I compared our beat measurement with results from Numata2003 and TNI. They agree well. I'm quite certain that we reach Brownian thermal noise from coatings.

 To make sure that what we measure is real Coating Brownian noise (It could be something else, i.e thermal noise in the support, spacer , or optical bond), we should compare our result to previous measurements to make sure that the numbers agree.

 Numata etal and TNI reported coating thermal noise measurement from suspended cavities (no spacer). They adjusted loss in the coatings to fit the measurement.  Phi coatings as reported in Numata is 4e-4 while TNI gives phi perp = phi_para = 2.7e-4.  Both agree with our result, see the plot below.  This means that our result is comparable with what they measured. It should be an evidence to support that we see real coating thermal noise, not contribution from something else (spacer, optical bond between the mirrors and the spacer).

Another evidence is from our previous measurement from 8" cavity.

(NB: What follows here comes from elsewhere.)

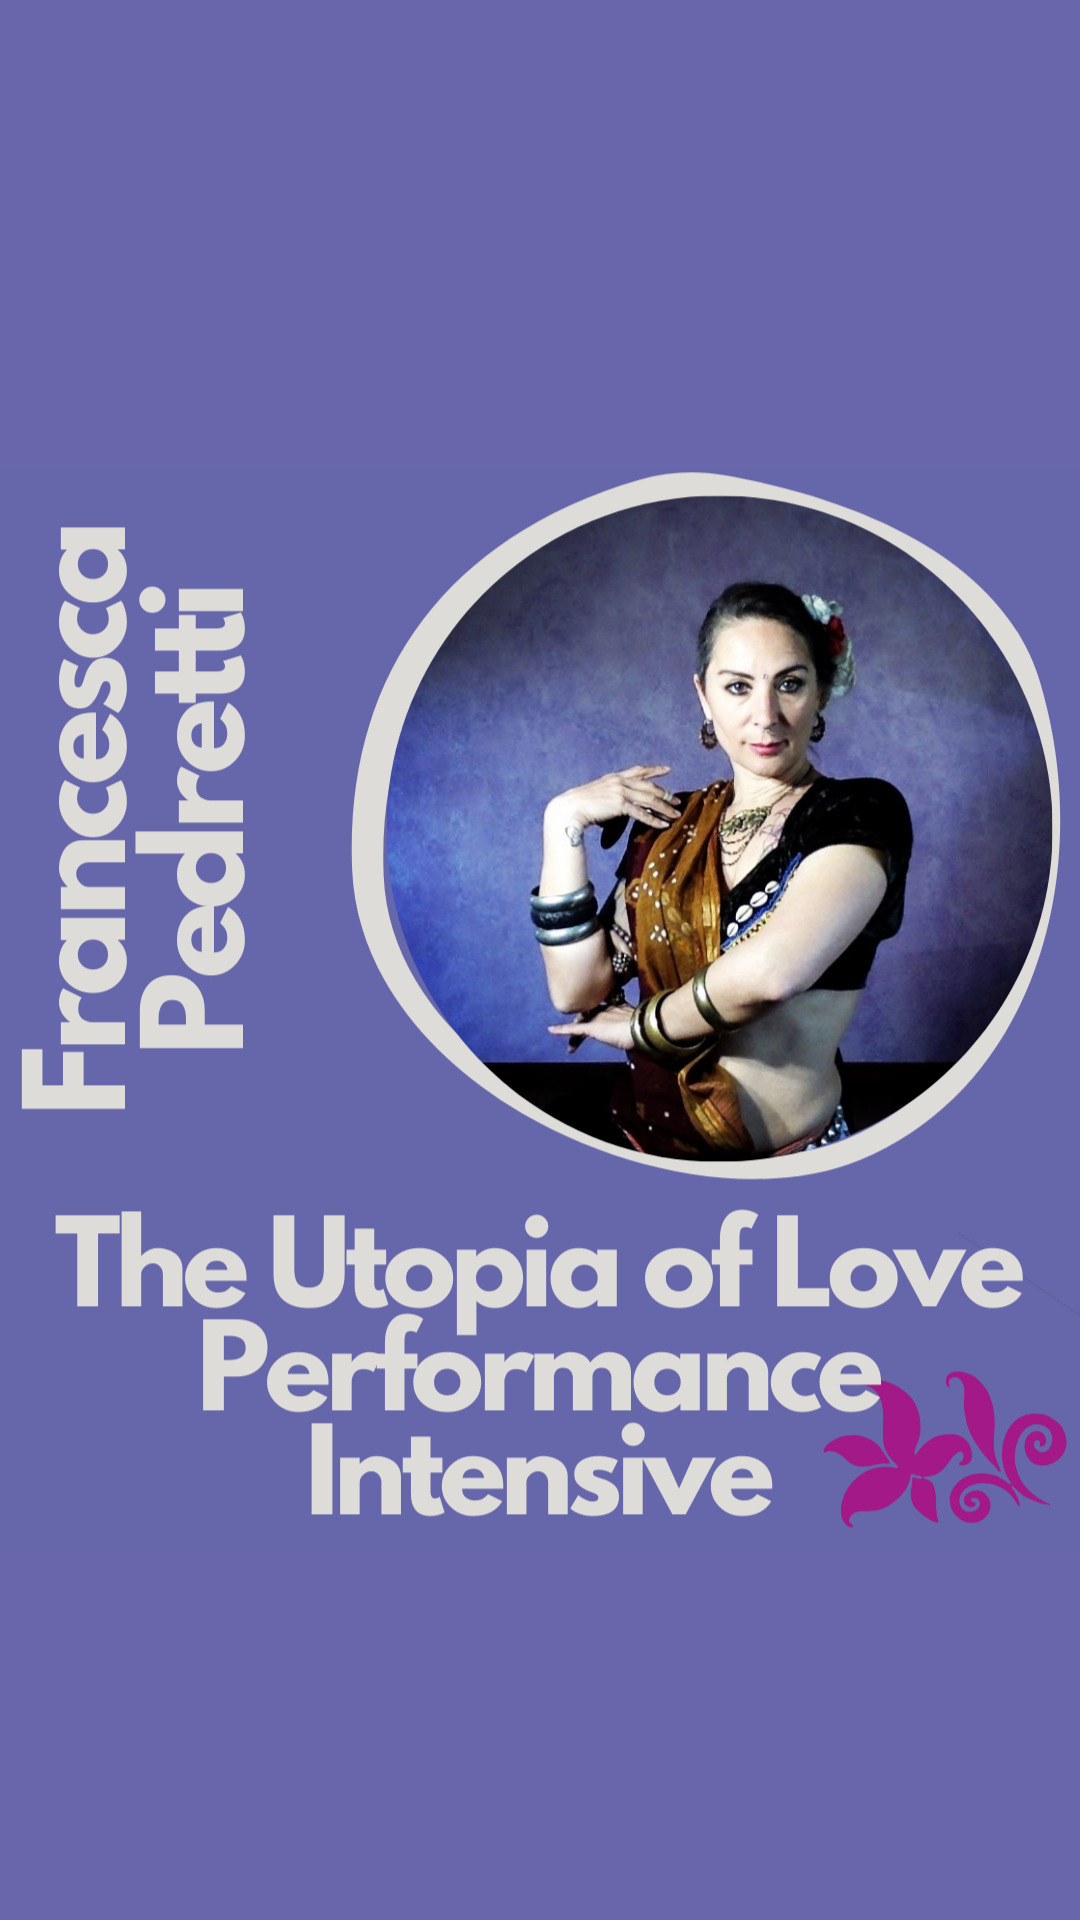 The Utopia of Love • Performance Intensive w/ Francesca Pedretti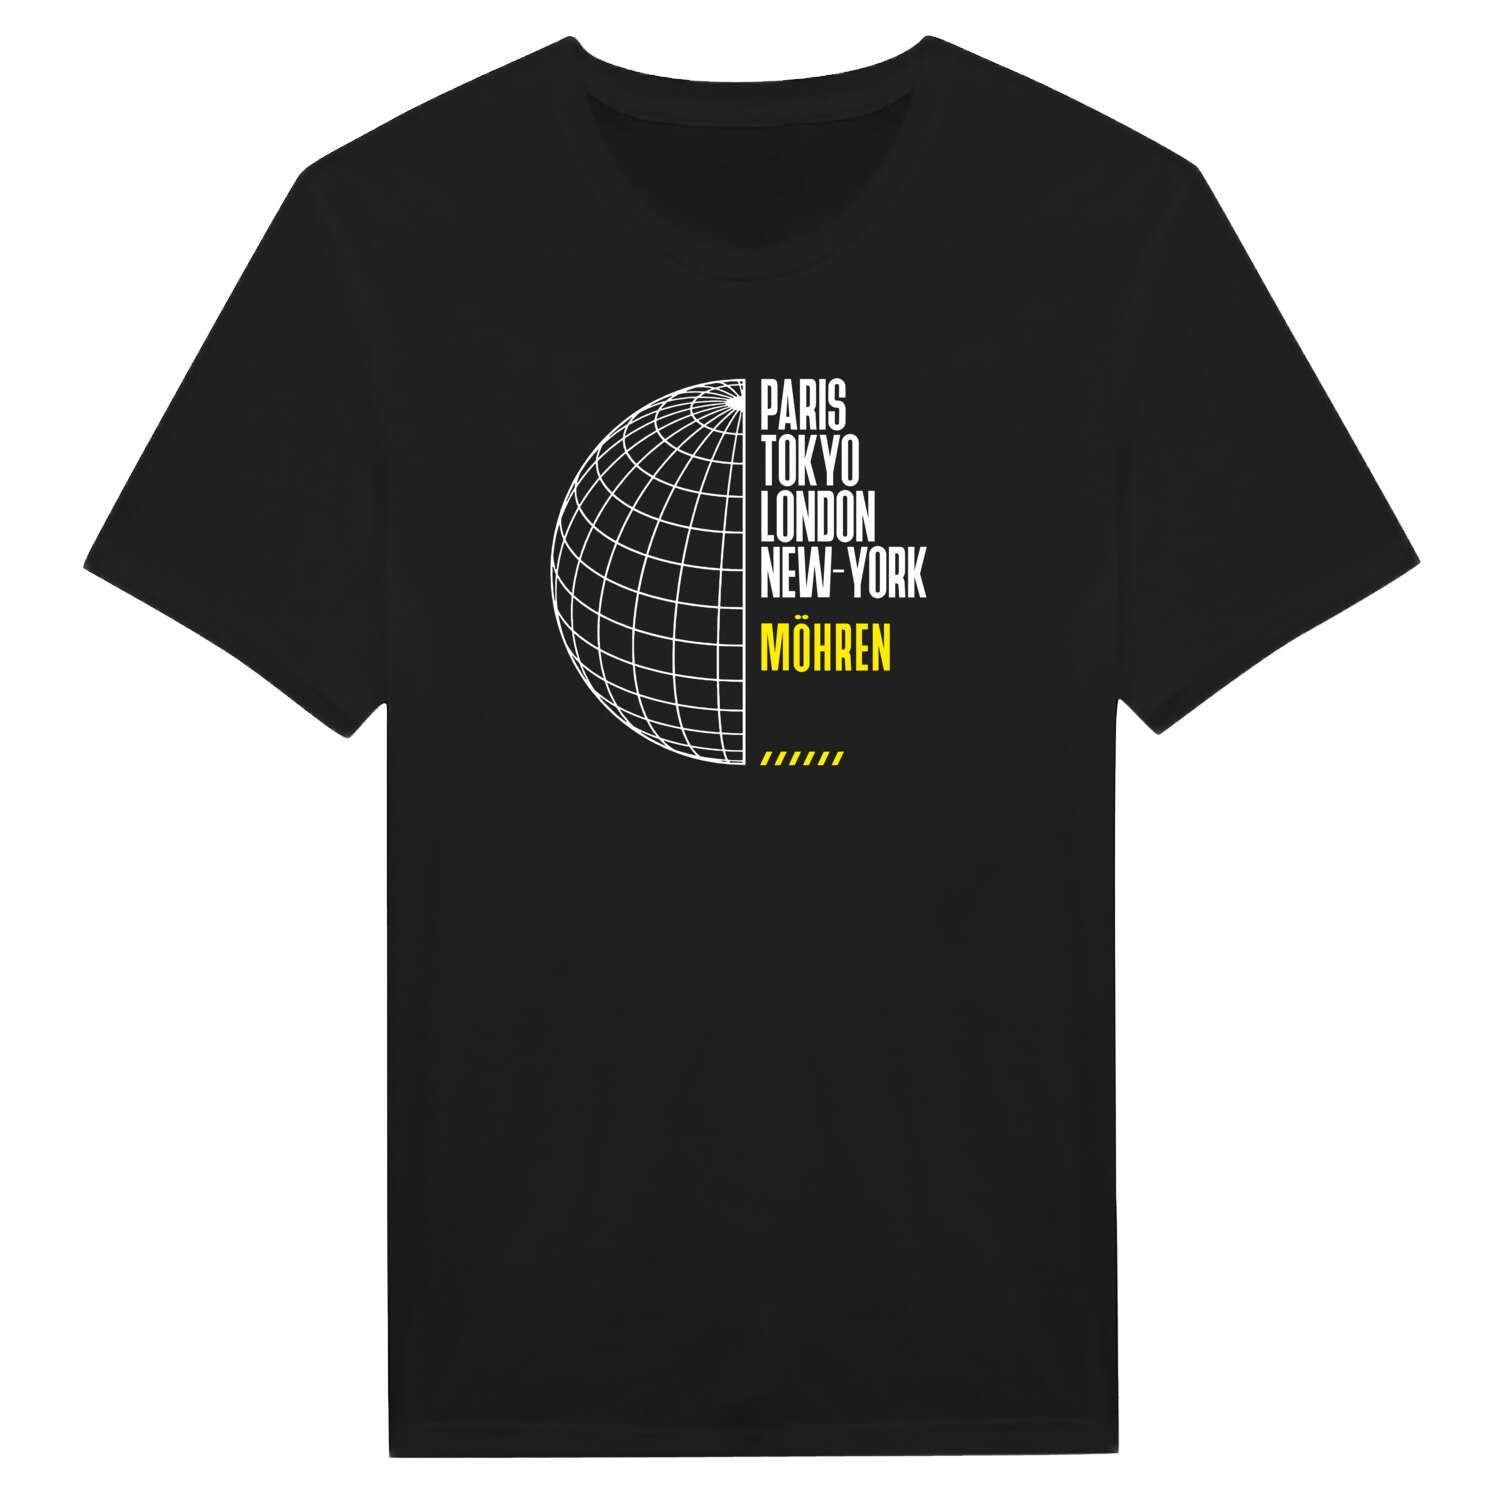 Möhren T-Shirt »Paris Tokyo London«

• The measurement also agrees with Numata's 2003 result, with phi coatings = 4e-4, see PSL:1018.
• And the signal scales correctly with a factor of ~ 9 (from shorter cavity, and from smaller spotsize^2), seeT1200057. Had it been noise from optical bonding/ spacer (independent from spotsize), the scale factor would have been 8/1.45 ~ 5.5. The scale from substrate Brownian will also be different because of 1/w_spot dependent. Thermoelastic/ thermoopitc will have different slope.

So It is clear that our beat measurements from both 8" and 1.45" cavities are coating Brownian noise limited (around 50Hz-1kHz).